# Universal Sewing Machine



## tiffnzacsmom (Jan 26, 2006)

My father's neighbor is selling his home I was given the sewing machine that had been his wife's. It's a Universal Model 302L, I had never heard of it and looks like it may be older than the White I have. It wants to run but the fabric doesn't pull along, not real techincal here sorry. I just plugged it in tonight to try to figure it out. Does anyone here know how to get it moving, the belt looks good and the bobbin case isn't dusty.


----------



## AngieM2 (May 10, 2002)

I'd check and see if the feed dogs are up and moving. And if that old, it may need a good oiling (or wd-40).

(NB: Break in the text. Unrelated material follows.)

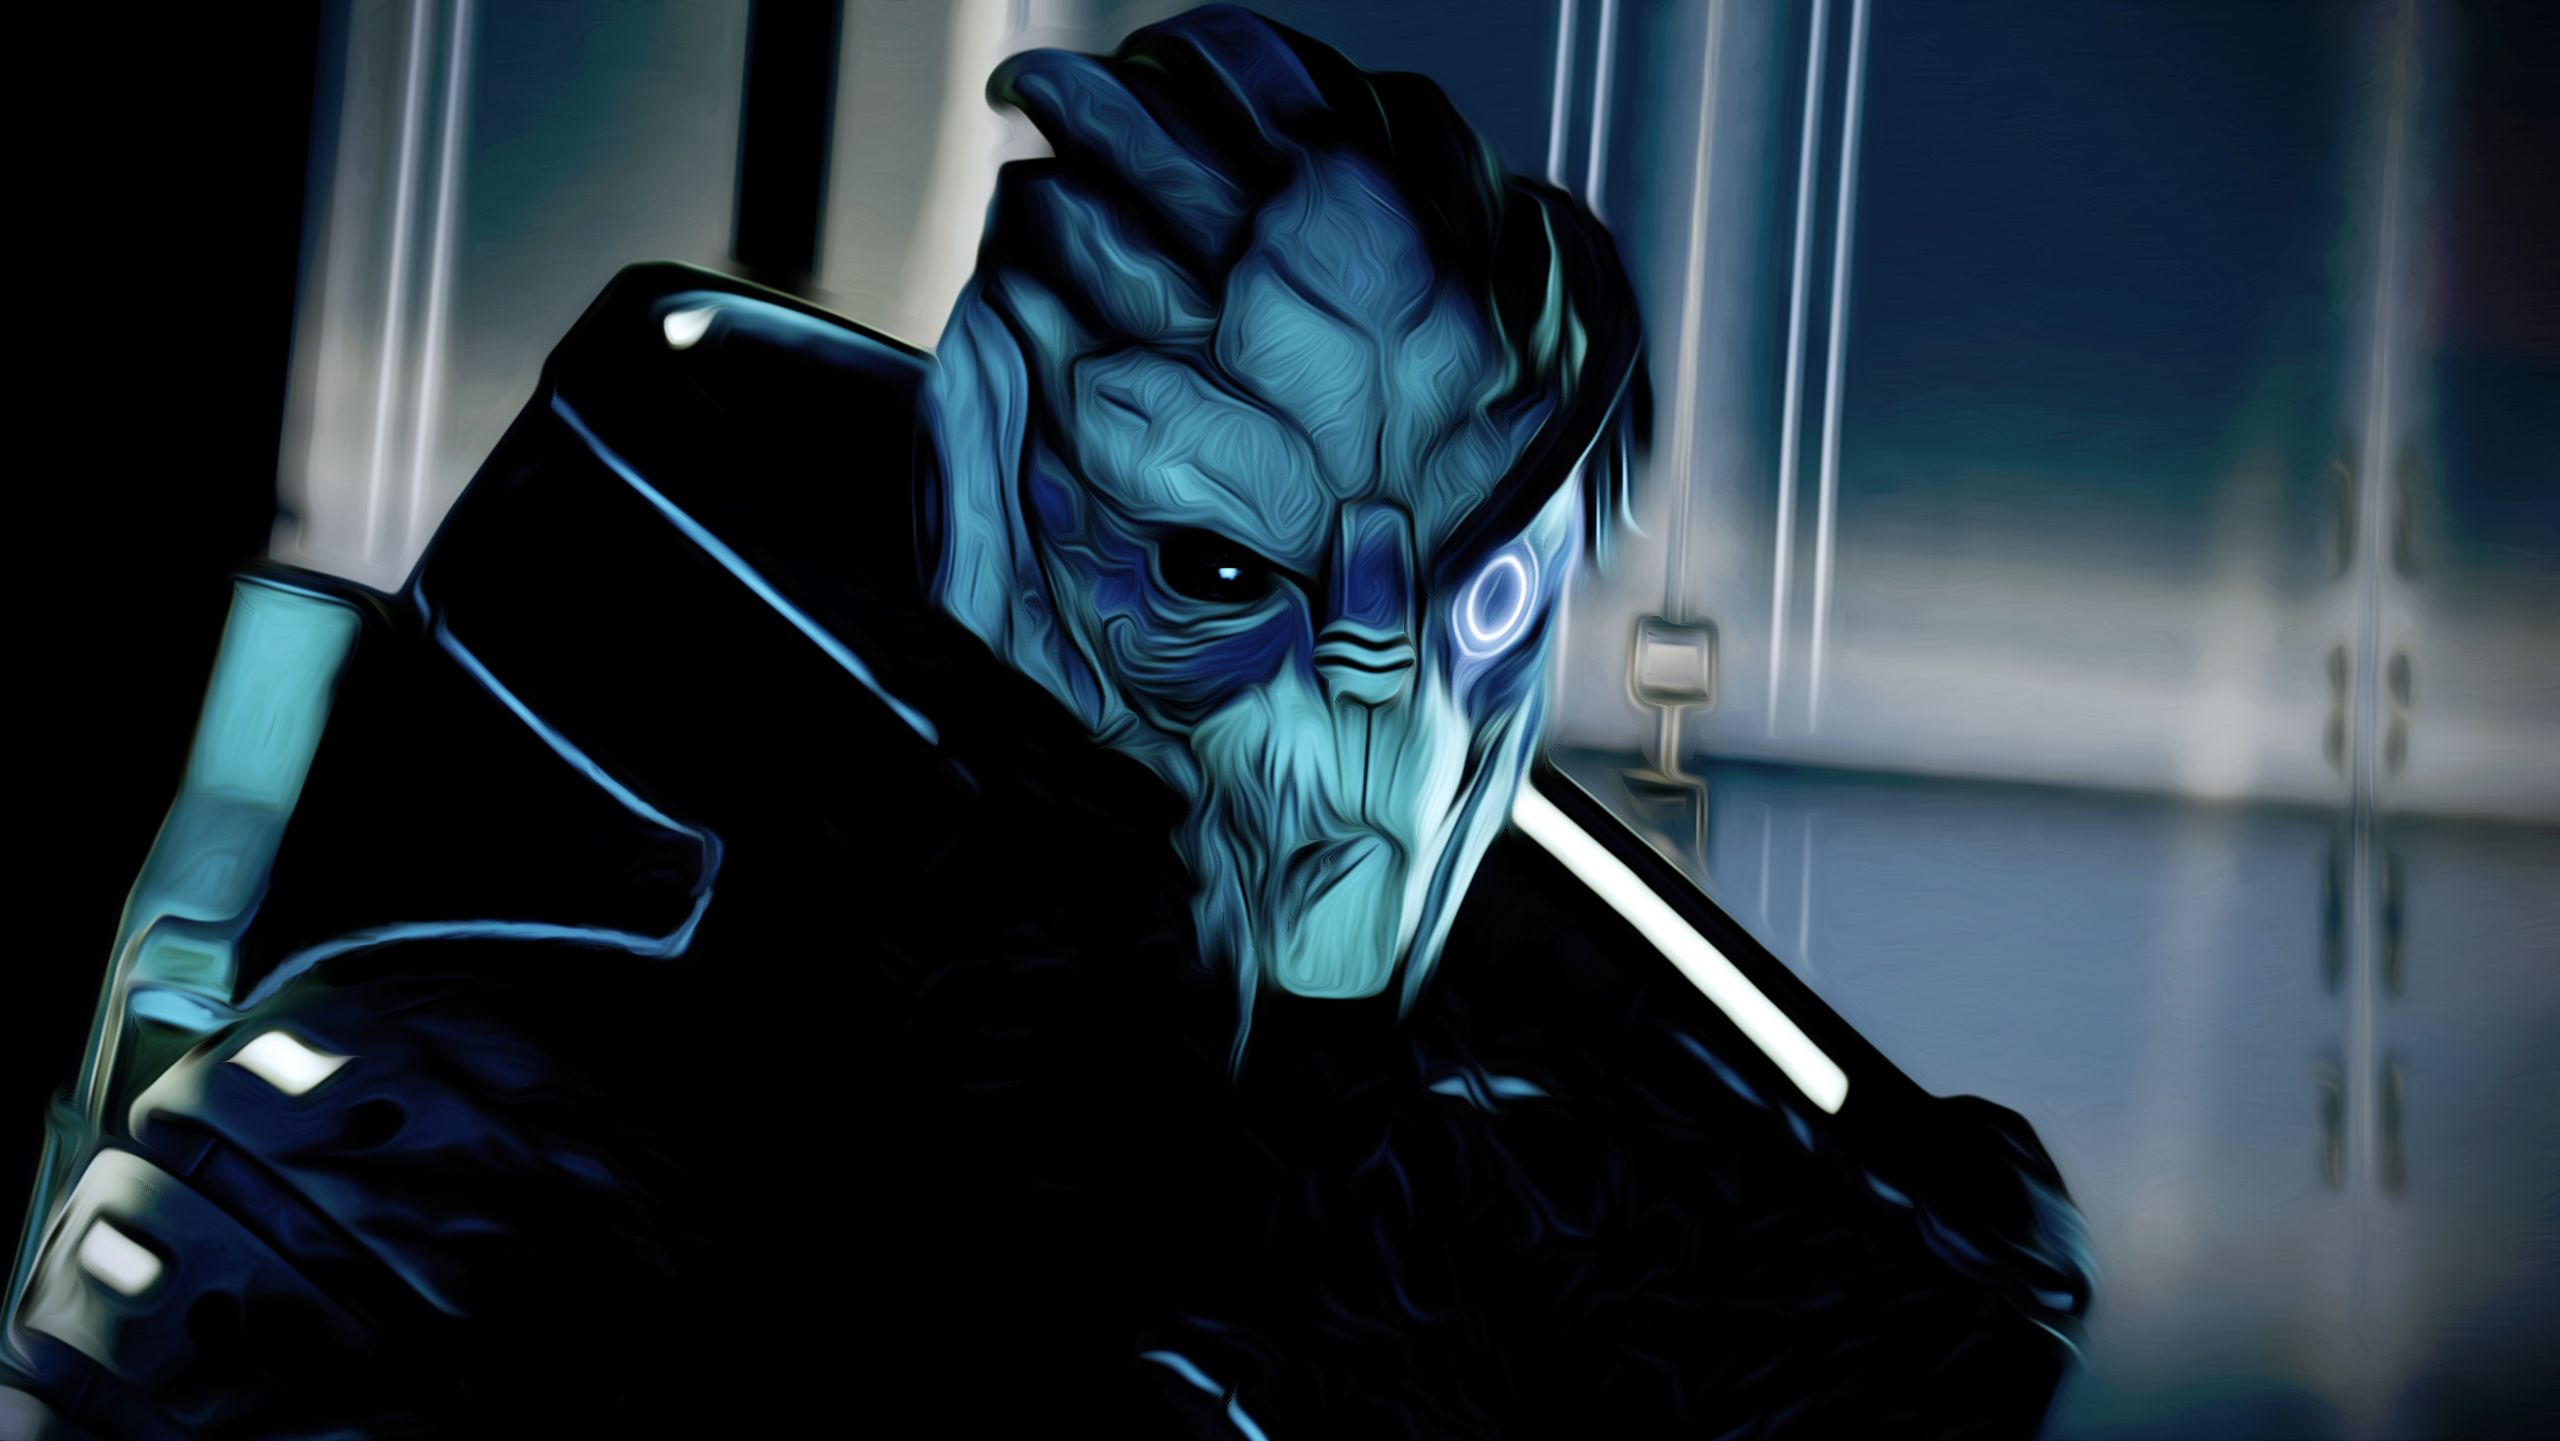 Download mobile wallpaper Garrus Vakarian, Mass Effect 2, Mass Effect, Video Game for free.

Those are my first thoughts.

Angie


----------



## tiffnzacsmom (Jan 26, 2006)

Thanks Angie, I really love my now growing collection of older machines and I'm going to miss this set of neighbors and glad I have something of hers.


----------



## Queen Bee (Apr 7, 2004)

Check the gauge for the number of stitches per inch--might read '1, 2 , 3etc'..IF it is on '0' move the bar, button, knob to the longest stitch and see if it will move.. Sorry about your neighbors, glad you have the machine...QB


----------



## Ardie/WI (May 10, 2002)

Both Angie and Queen Bee just said what I was going to post!


----------



## tiffnzacsmom (Jan 26, 2006)

Thanks ladies, the dog feed has a little knob that I can adjust so I did that to get it up since it wasn't. It seems like the belt doesn't always want to spin might have my dad look at it to see if its something easy but would be nice if I can figure it out on my own.


----------



## AngieM2 (May 10, 2002)

If it's an old machine that belt may be stretched out, or dry rotted. Maybe you could look online for a new belt for it.

Angie


----------



## sewing nana (Oct 18, 2002)

Could there be a clog caused from oil and dust in there?


----------